Mergers and acquisitions around the world have sunk to three-year lows, accelerated by trade tensions and growing economic uncertainty.
The size of automotive deals in the quarter declined to $7 billion in the quarter from $18 billion a year earlier, PwC said.
The industry's M&A volumes tumbled to a seven-quarter low, falling 16.5% to 197 deals, according to the report.
Hyundai Motor Co's $1.6 billion joint venture with U.S.-based Aptiv Plc was the biggest deal in terms of value in the quarter.
The industry deal volume has fallen by 24% to 604 deals so far this year, while the deal size has halved to $31 billion, the auditing firm said.
German auto parts maker ZF Friedrichshafen AG's $7.4 billion deal to buy WABCO Holdings in March is the biggest automotive deal so far in 2019.

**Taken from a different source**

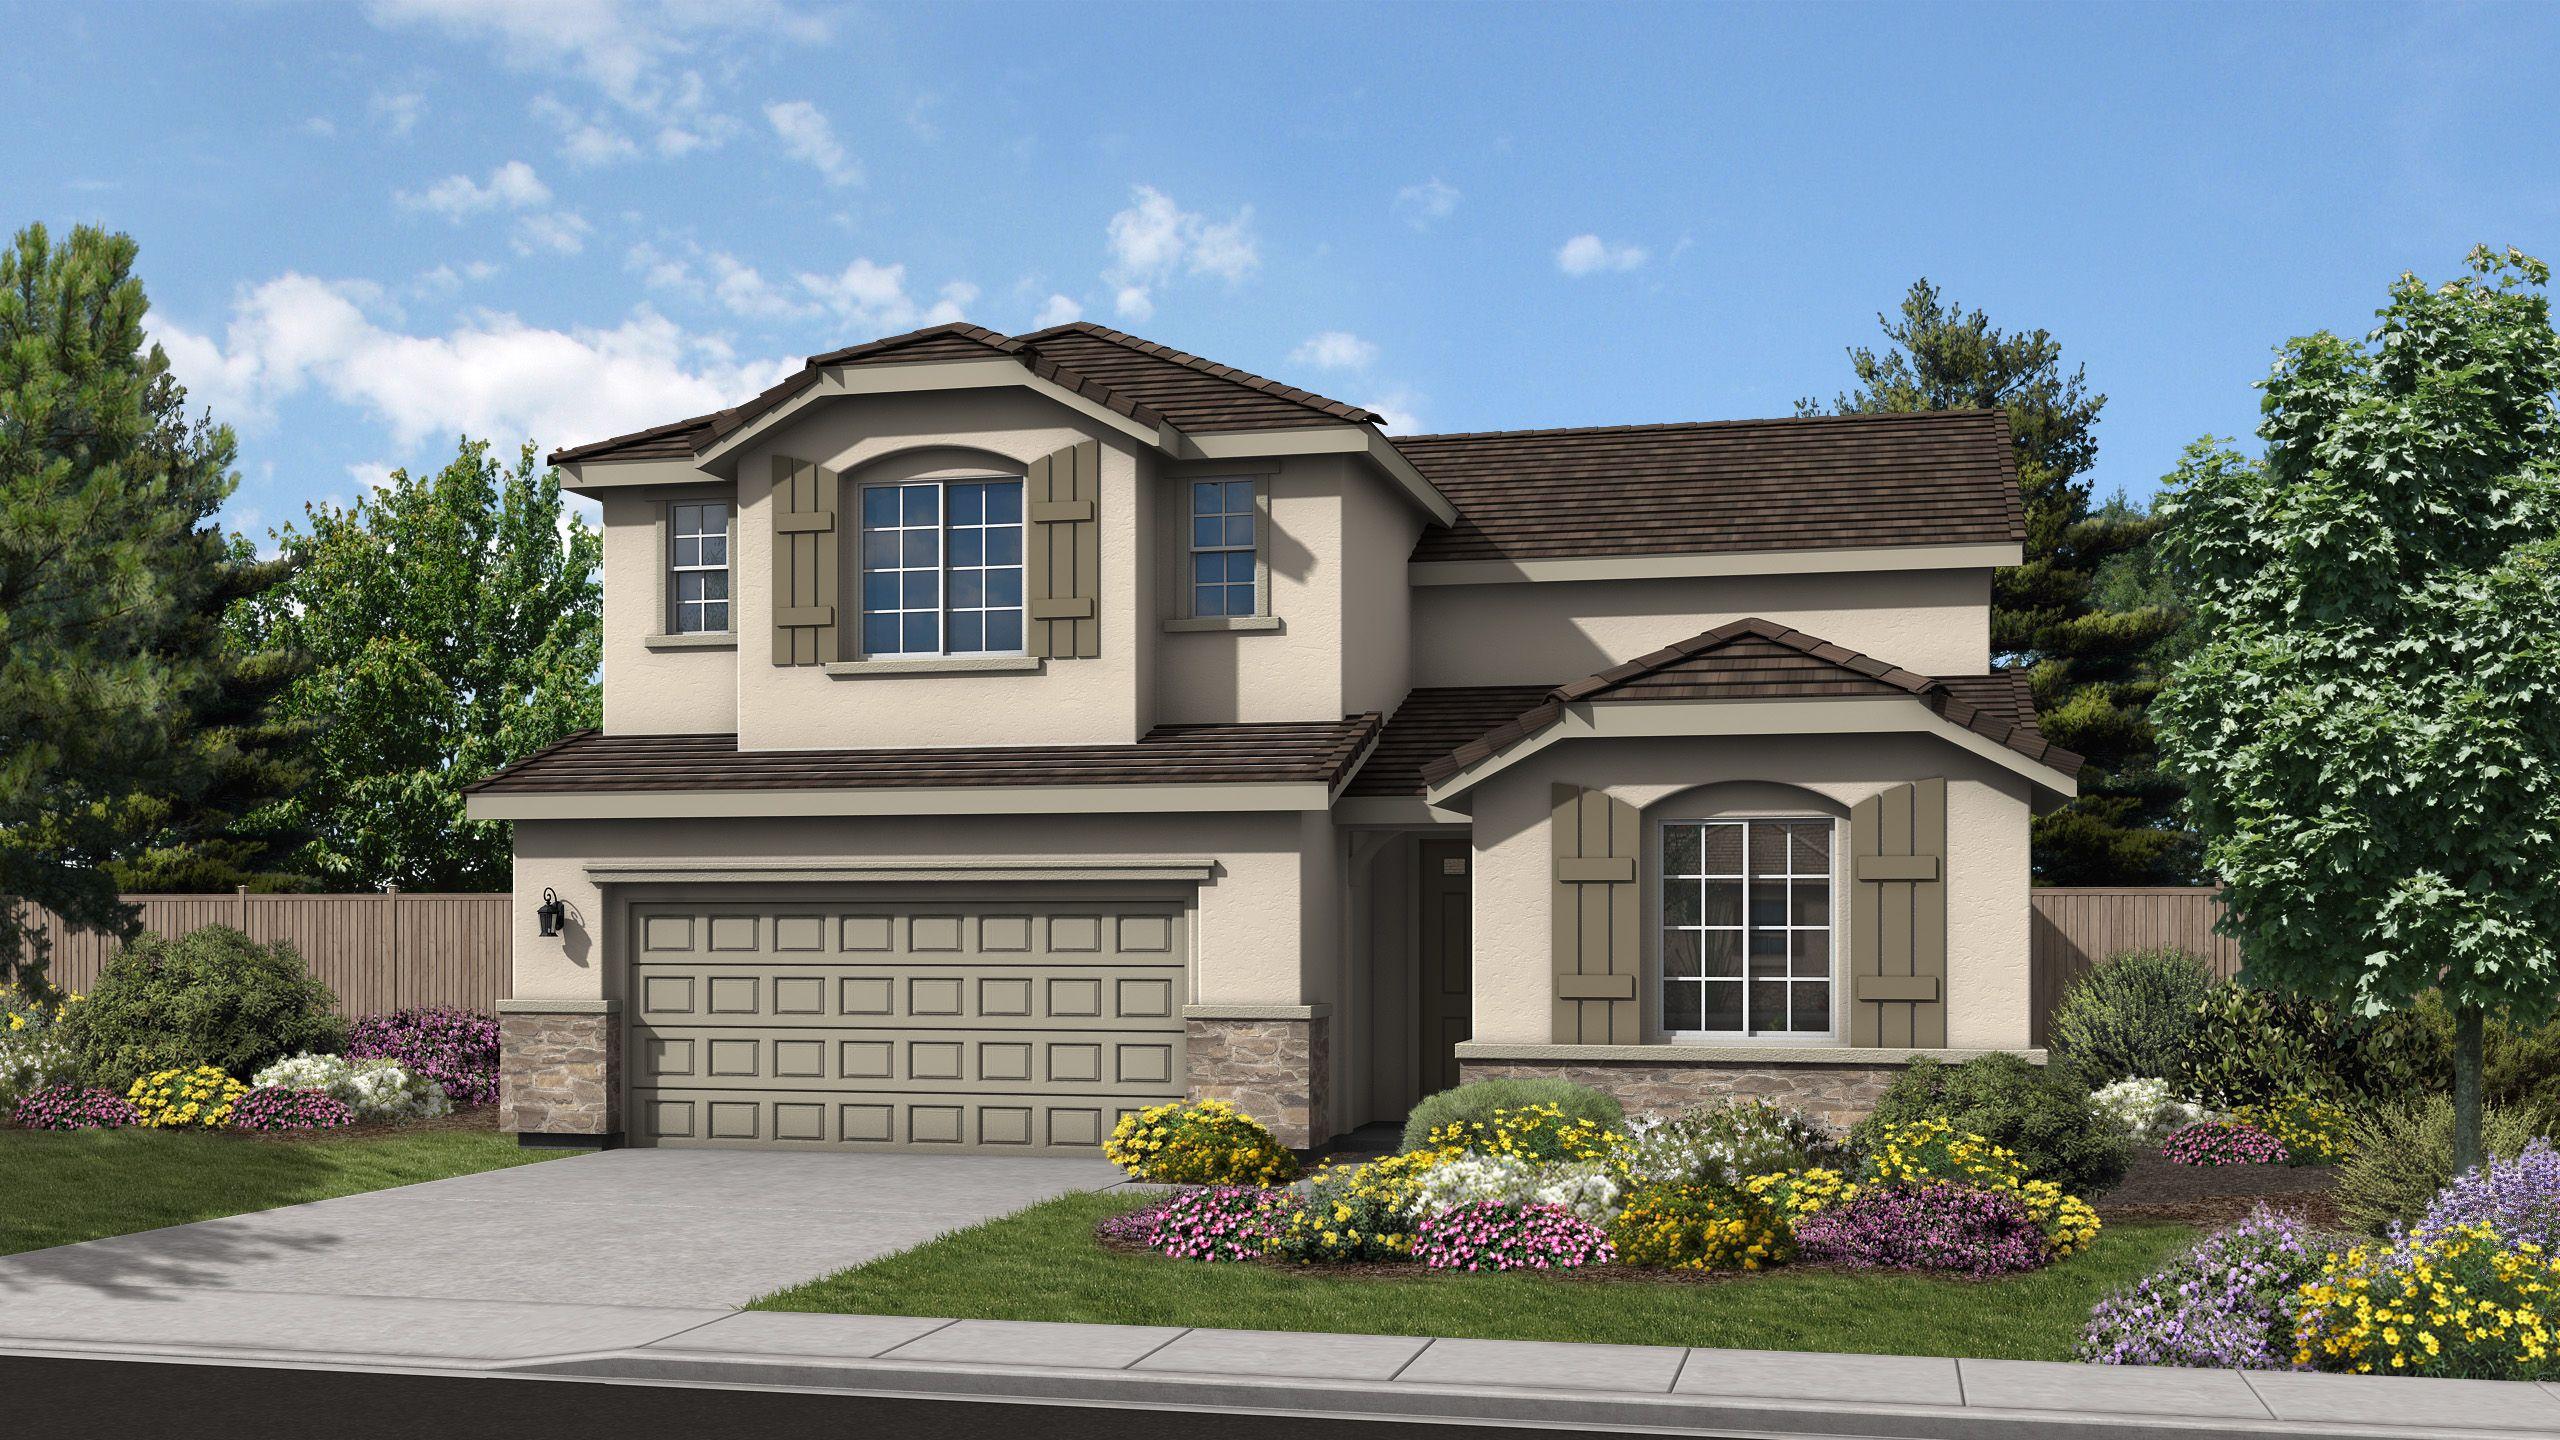 bright homes pomelo grove imperial 1073559 manteca ca new home for sale homegain

Although technology was the main driver of M&A activity in the third quarter, it might not be so going forward with the sector facing leaner times, PwC said.
"Deal makers are letting the dust settle and are focusing on the development of their previous bets," PwC said.
However, with both strategic and financial investors remaining in a position to buy, there is reason to believe M&A could bounce back if more attractive assets become available, PwC said.